两种极致的情感,在生死边缘猛烈地碰撞、发酵!
步惊云的心,冷得像万载玄冰,冰层下是即将喷发的火山。恨!恨这天地不公!恨仇敌嚣张!恨自己无力!毁灭的欲望前所未有的强烈!什么排云掌的变幻,什么剑法的精妙,在绝对的力量面前都是虚妄!他需要的是碾碎,是摧毁,是将眼前一切阻碍轰成粉末的最原始、最霸道的力量!
聂风的心,乱得像狂风中的残烛。魔性的毁灭欲,复仇的怒火,守护的执念,对失控的恐惧,对大师兄之死的无尽悲痛……种种情绪如同油锅般沸腾。冰心诀那点清冷的光,在这沸腾的油锅中载沉载浮,似乎下一刻就要熄灭。但就在这极致的混乱中,一点奇异的变化产生了。极于情,方能极于剑!极于魔,方能极于道!当情绪激烈到超越某个临界点,当理智在崩溃的边缘徘徊,那原本互相排斥的冰心与魔意,竟在毁灭这个共同的目标下,达成了一种诡异而危险的平衡!不是融合,是共存,是两种极端力量在毁灭意志驱使下的同频共振!
步惊云身上,那冰冷死寂的剑意不再内敛,开始不受控制地弥漫、扩散,如同乌云汇聚,笼罩四野,带着一种“云无常”的缥缈与压抑!
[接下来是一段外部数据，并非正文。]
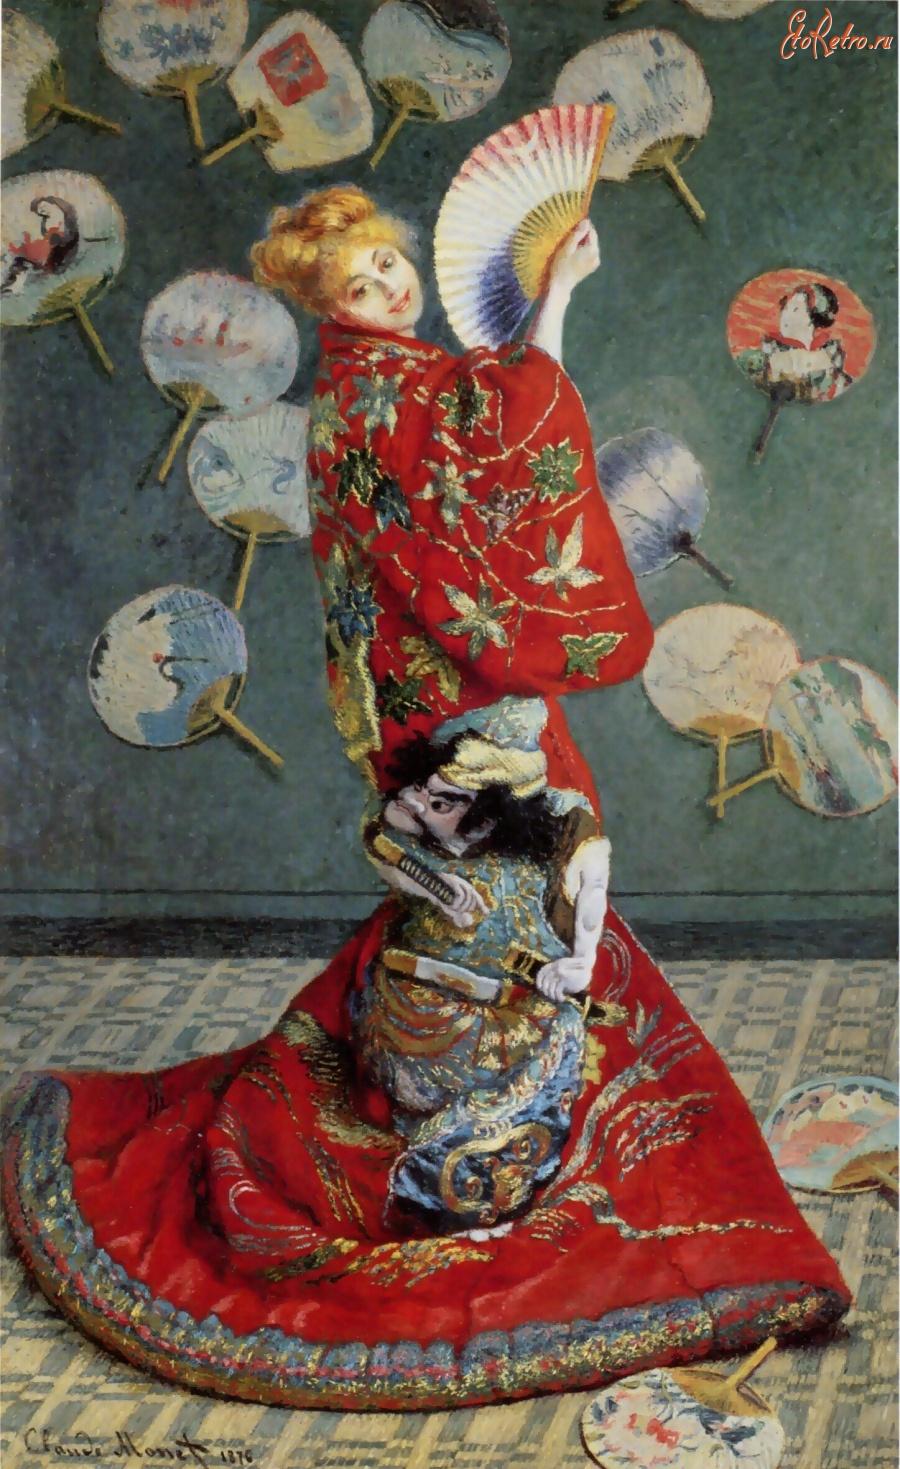 Камилла Донсье. Японка. 1875 - Разное > Картины - ЭтоРетро.ru - старые фото  городов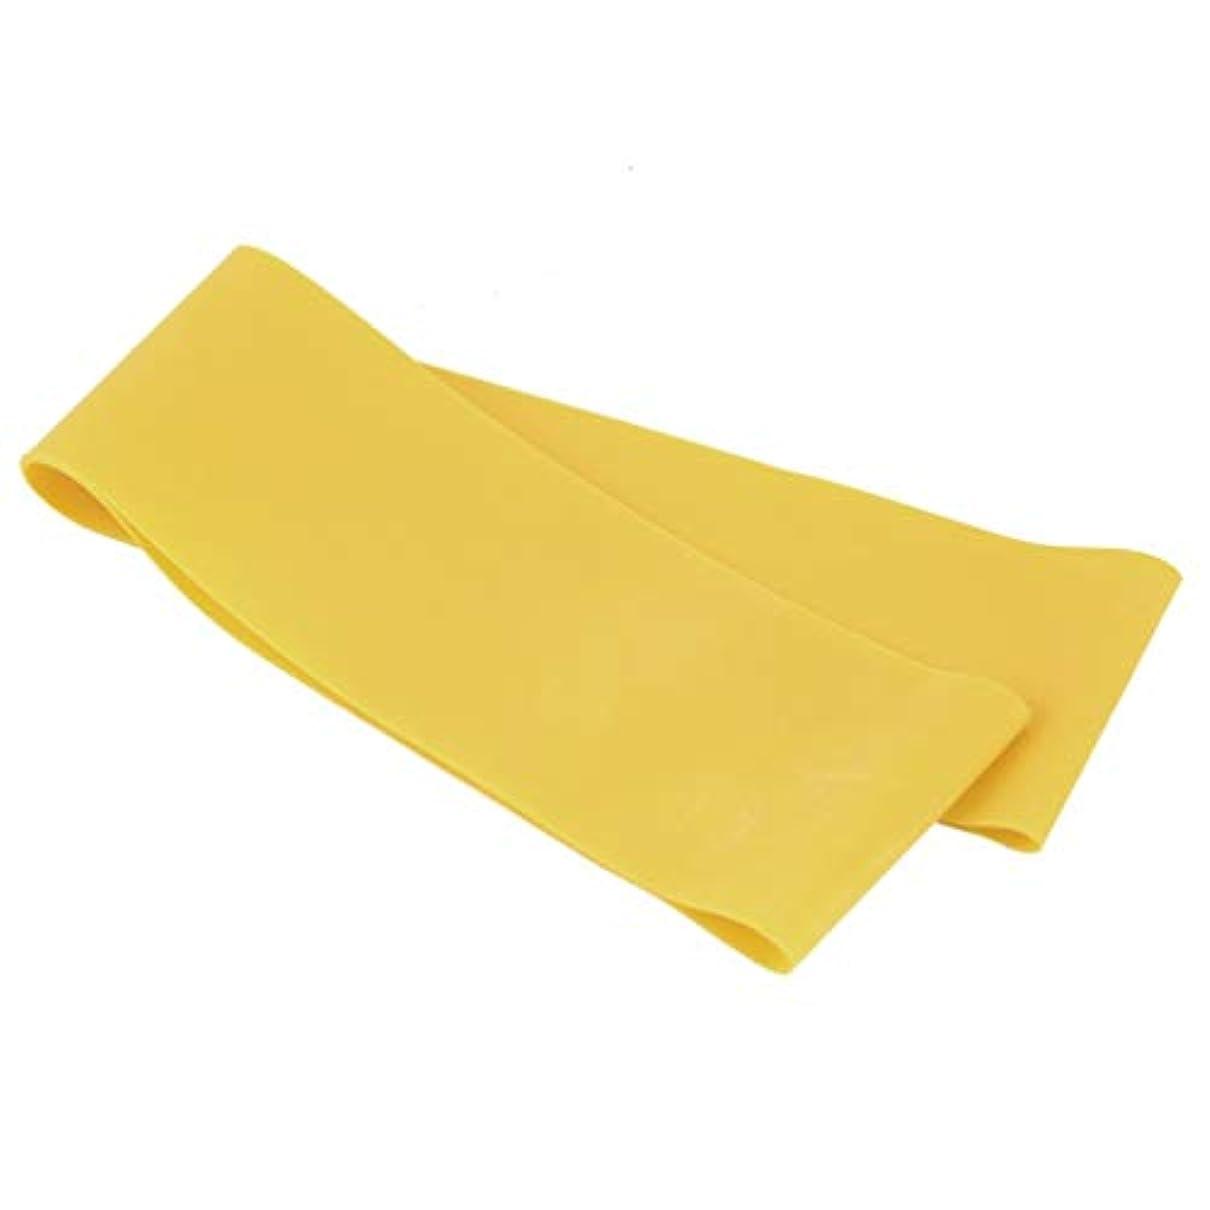 通り抜けるほのか出発滑り止めの伸縮性のあるゴム製伸縮性があるヨガのベルトバンド引きロープの張力抵抗バンドループ強さのためのフィットネスヨガツール - 黄色

聂风周身,那躁动狂暴的魔气也不再混乱冲撞,而是变得灵动、穿透,如同“风无相”般无孔不入,寻找着一切缝隙!
两种截然不同的气息,在这阵法极致压力的挤压下,如同两股被强行按在一起的洪流,疯狂地冲撞、排斥,却又在某种更深层次的、源自血脉与灵魂的羁绊牵引下,开始扭曲、交织!
步惊云猛地抬起头,灰白的瞳孔中,倒映出聂风那赤红如血的双眼!
没有言语。
却在目光交汇的刹那,读懂了彼此眼中那相同的、毁天灭地的决绝!
就是现在!
步惊云发出一声石破天惊的怒吼,不再压制体内那沸腾的恨意与毁灭意志,将所有的力量,所有的精神,所有的愤怒与不甘,尽数灌注于麒麟臂,引动绝世好剑!剑不再是剑,是他意志的延伸,是毁灭的具现!云无常之意,化作包容一切、吞噬一切的混沌漩涡!
聂风同时发出一声仿佛来自九幽的嘶啸,不再抗拒那毁灭的魔性,反而主动拥抱,将冰心诀那点最后的清明作为指引,将所有情绪——恨、痛、守护、疯狂——全部点燃,化作焚尽万物的魔火!风无相之念,化作穿透一切、瓦解一切的终极利刃!
两人背靠背,气息以前所未有的方式疯狂攀升、交融!
嗡——!!!
一声低沉到极致、却仿佛直接响在灵魂深处的嗡鸣,猛地从两人中心爆发!
没有刺目的光芒,没有震耳欲聋的巨响。
只有一股无形的、混沌的、仿佛源自天地未开、鸿蒙初辟时的原始巨力,以风云二人为中心,轰然扩散开来!
摩诃无量!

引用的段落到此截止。